(i.e., those presenting more than minimal risk to participants)
Clinical drug trials (Phase I, II, and III) must be approved by Health Canada prior to their commencement. A copy of the Health Canada ‘No Objection Letter’ (NOL) must be forwarded to the REB office prior to final approval of the protocol. Refer to the HPFB website for Guidance for Clinical Trial Sponsors for further information. The Board will only accept applications for clinical drug trials after a Clinical Trial Application (CTA) has been filed with Health Canada, and a control number has been issued by Health Canada.
For Clinical drug trials, the REB requires an investigator’s brochure or product monograph (as applicable) for clinical drug trials. The Director of Pharmacy must approve these studies prior to submission to the Board.
Clinical trials of natural health products must also be approved by Health Canada prior to their commencement. The will only accept applications for clinical trials of natural health products after an application has been filed with Health Canada, and a notice of authorization has been issued by the ministry (or control number).
Clinical medical device trials must have been authorized by Health Canada (see relevant Health Canada regulations).

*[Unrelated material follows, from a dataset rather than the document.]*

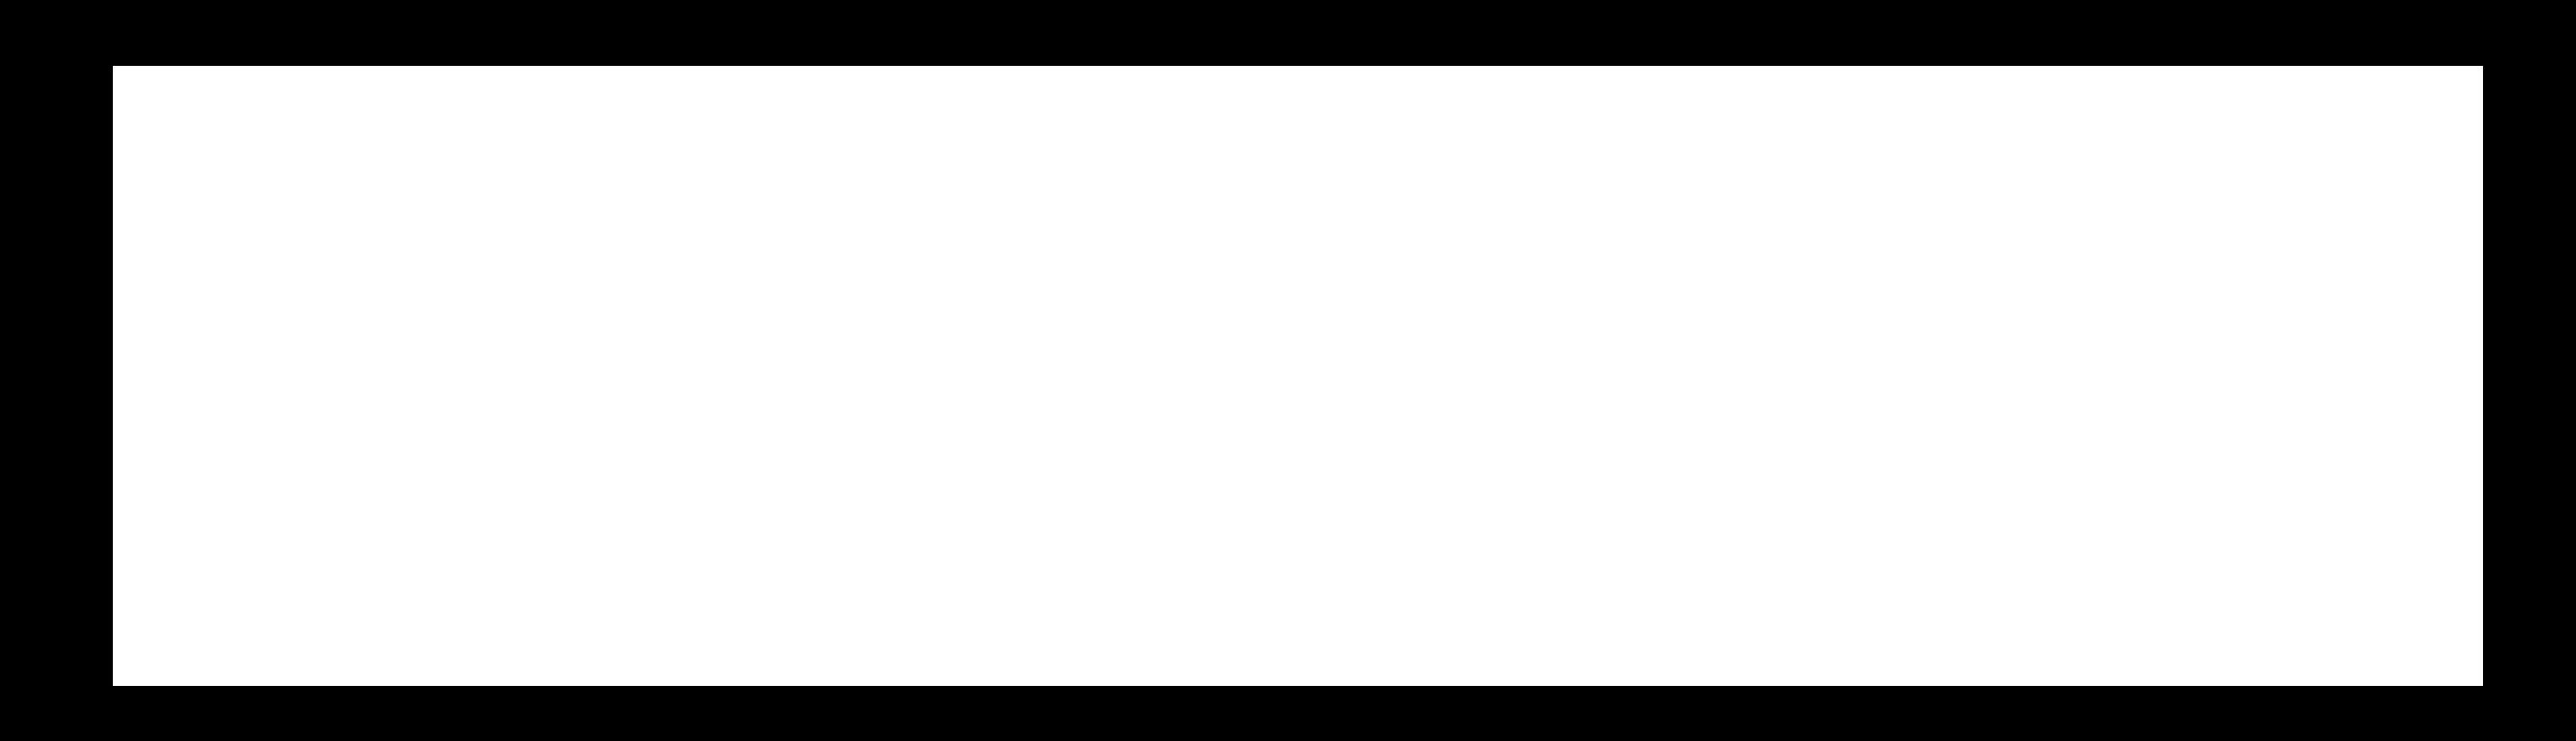 Providing NHS service logo 2020
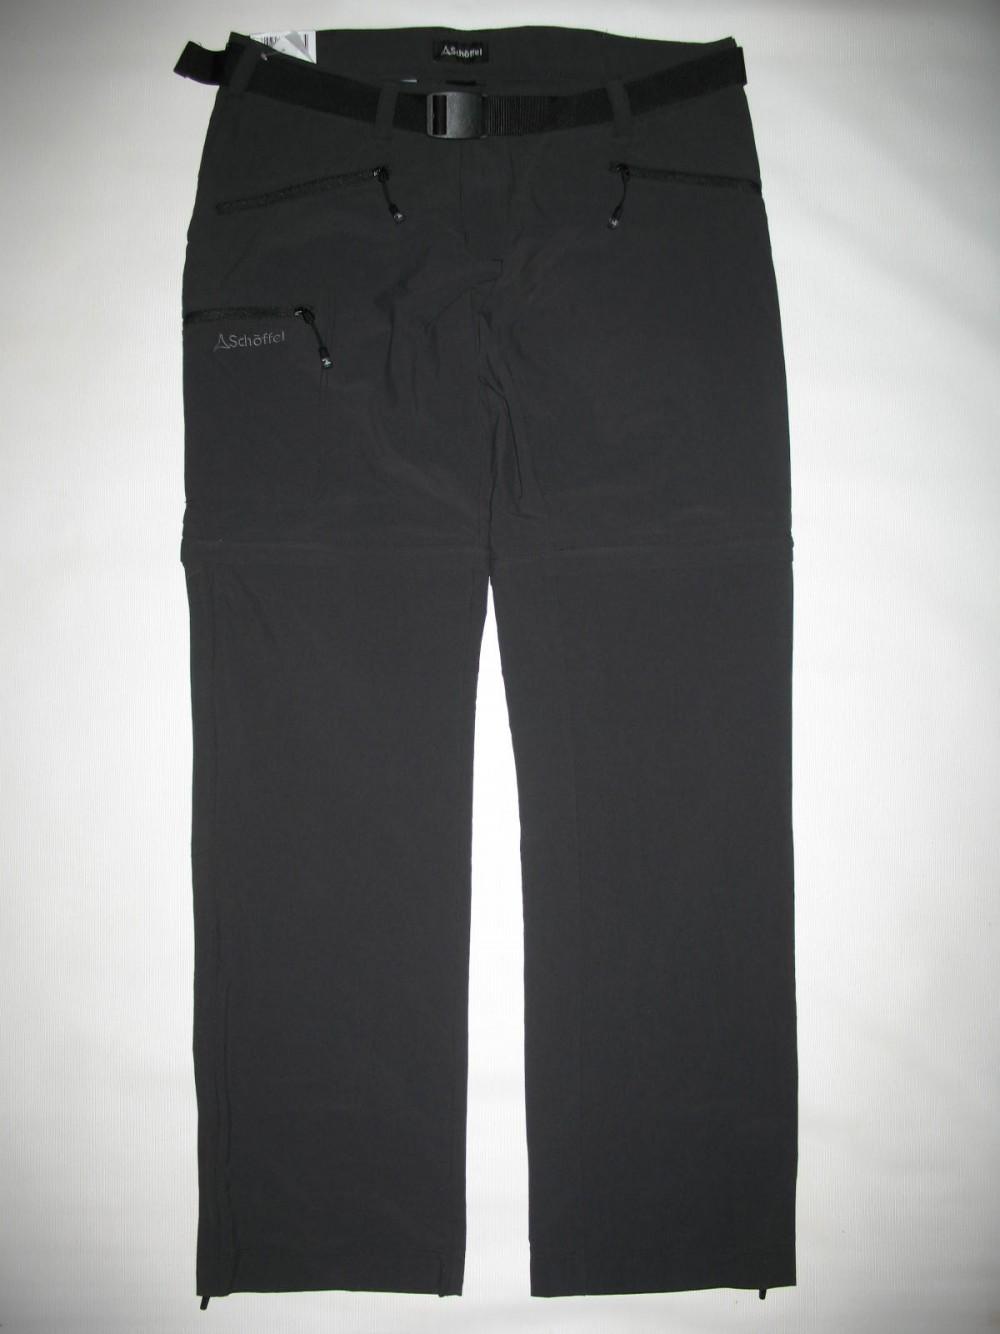 Штаны SCHOFFEL cartagena outdoor pants lady (размер 38-М) - 3

In Canada, medical devices are categorized into four classes based on the level of risk associated with their use. Class I devices present the lowest potential risk (e.g. thermometers) and do not as a result, require investigational testing authorization. Class II, III, and IV devices present higher risks to the individual and must be reviewed by Health Canada prior to undergoing further study.
Following a favourable Health Canada review of the Application for Investigational Testing of a Device, Health Canada issues an authorization to conduct research. Health Canada requires notification of REB approval for a study prior to issuing such authorization. Under these circumstances, the CHEO REB can provide to the investigator certification of conditional approval for the study if such approval is the only impediment to the Health Canada license. The final REB approval would only be issued when the CHEO REB had received documentation regarding the Ministry’s approval.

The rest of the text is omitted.